Dan komt er duwend door de menigte een jongeman ten tonele.Gepakt in een groot ,groen regenjack….Een onbekende voor mijn nieuwe vrienden,maar overbekend voor mij!  Het is mijn zoon.Hij wenkt mij vermanend met zijn wijsvinger.Hij zegt;’’ik kom je halen,mam!Dit vindt jij veel te  leuk !’’Verbijsterd,maar toch ook een beetje ontroerd reageer ik;’’maar hoe weet je …en hoe weet je dat?’’’’Ik heb met pap gebeld.Dacht je heus dat ik jou hier zou’’…’’Jongen ,je woont in Breda en nu ben je hier,je mag niet eens de weg op.Jij,met je Suzukietje.Ben je nu helemaal? Nee,jij mam.Kom  maar mee,dan praten we verder onderweg…’’Maar hoe ben jij gereden?  Over Arnhem .En zo gaan we ook weer terug’’.

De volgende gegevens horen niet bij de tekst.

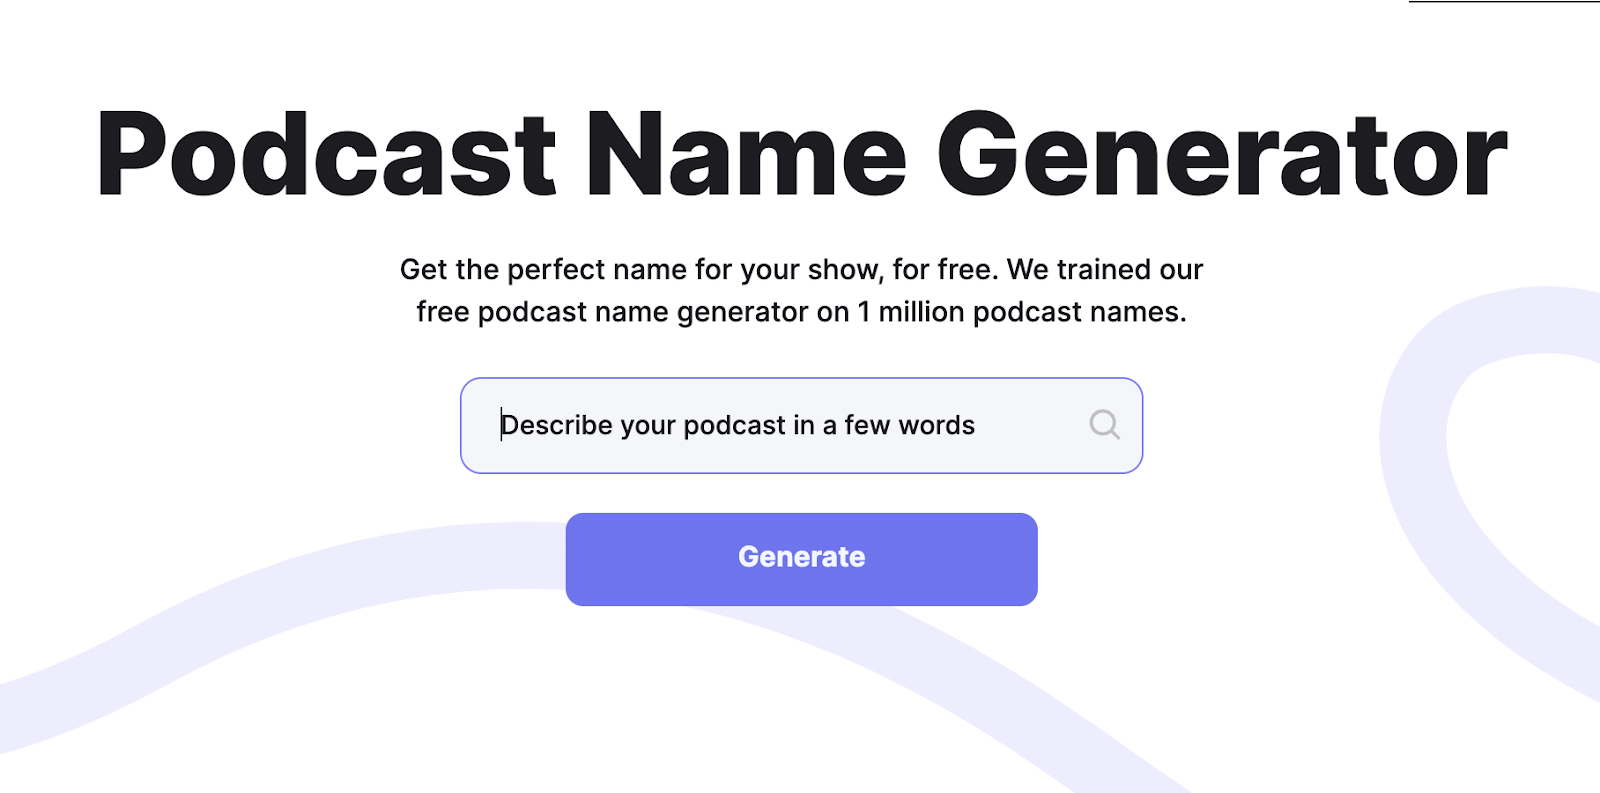 Riverside's podcast name generator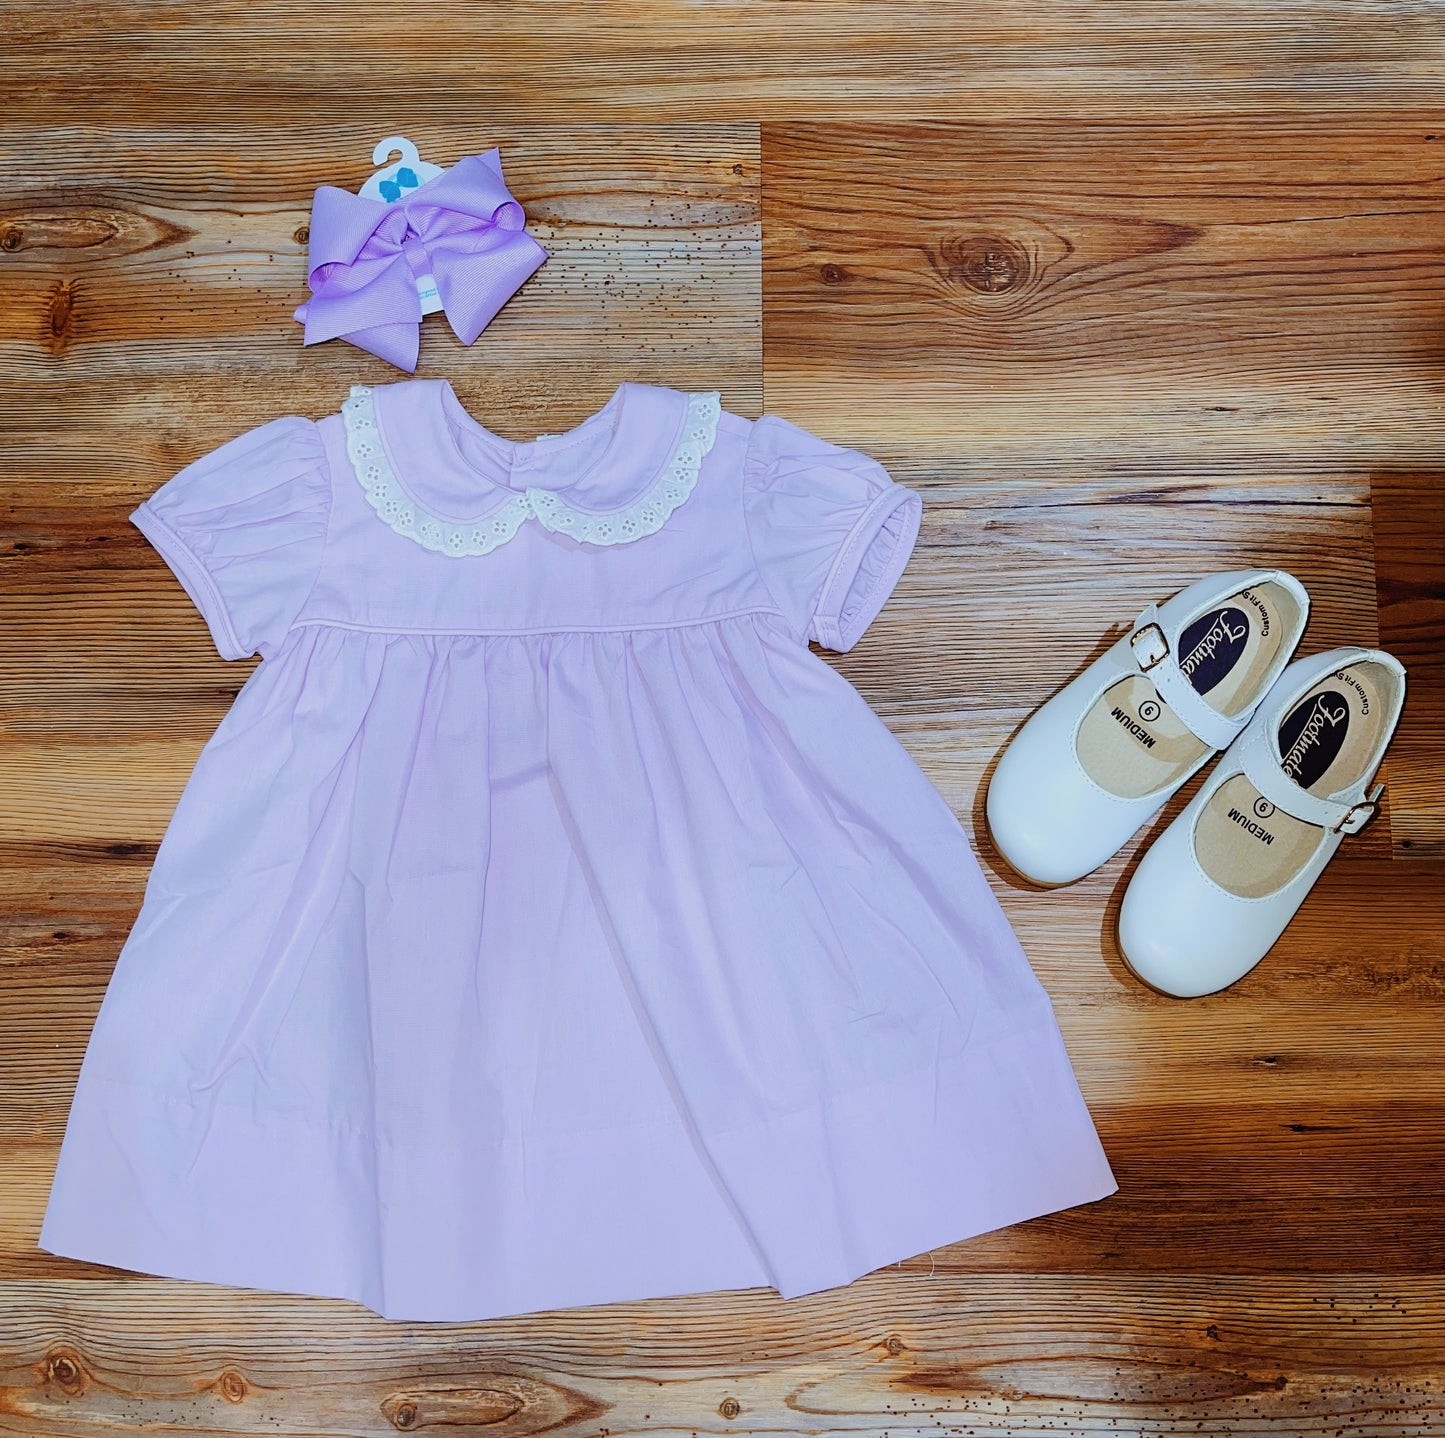 Lilac Sawyer Dress

Ik kan niet anders,ik ga ,ik moet mee!Maar met spijt in m n hart.Ik voel me als een verrader van onze groep.Ook zij vinden het jammer,maar begrijpen dat ik niet anders kan.Als een h.Elizabeth deel ik mijn picnicpak aan omstanders uit,die het dankbaar aanvaarden.Dat geeft me tenminste nog een kick.Met een gebogen hoofd ga ik mee.Aan mijn hand  klem ik de inmiddels trouwjurk met verhaal.

Ik ben nu zelf een beetje jaloers. Betreur aan wat   ik aan plotselinge ontstane vriendschap achterlaat.Ze zwaaien me na.

Een barre tocht is het.Via een grote omweg komen we een poos later thuis.mijn echtgenoot verwelkomt ons  en ik word als een verloren drenkeling opgevangen…Haard aan,lekker glaasje wijn.Hartelijk,hartelijk,dat wel.Maar toch…Het was zo onverwacht,zo leuk daarginder..In nood ontstaan de meest spontane vriendschappen .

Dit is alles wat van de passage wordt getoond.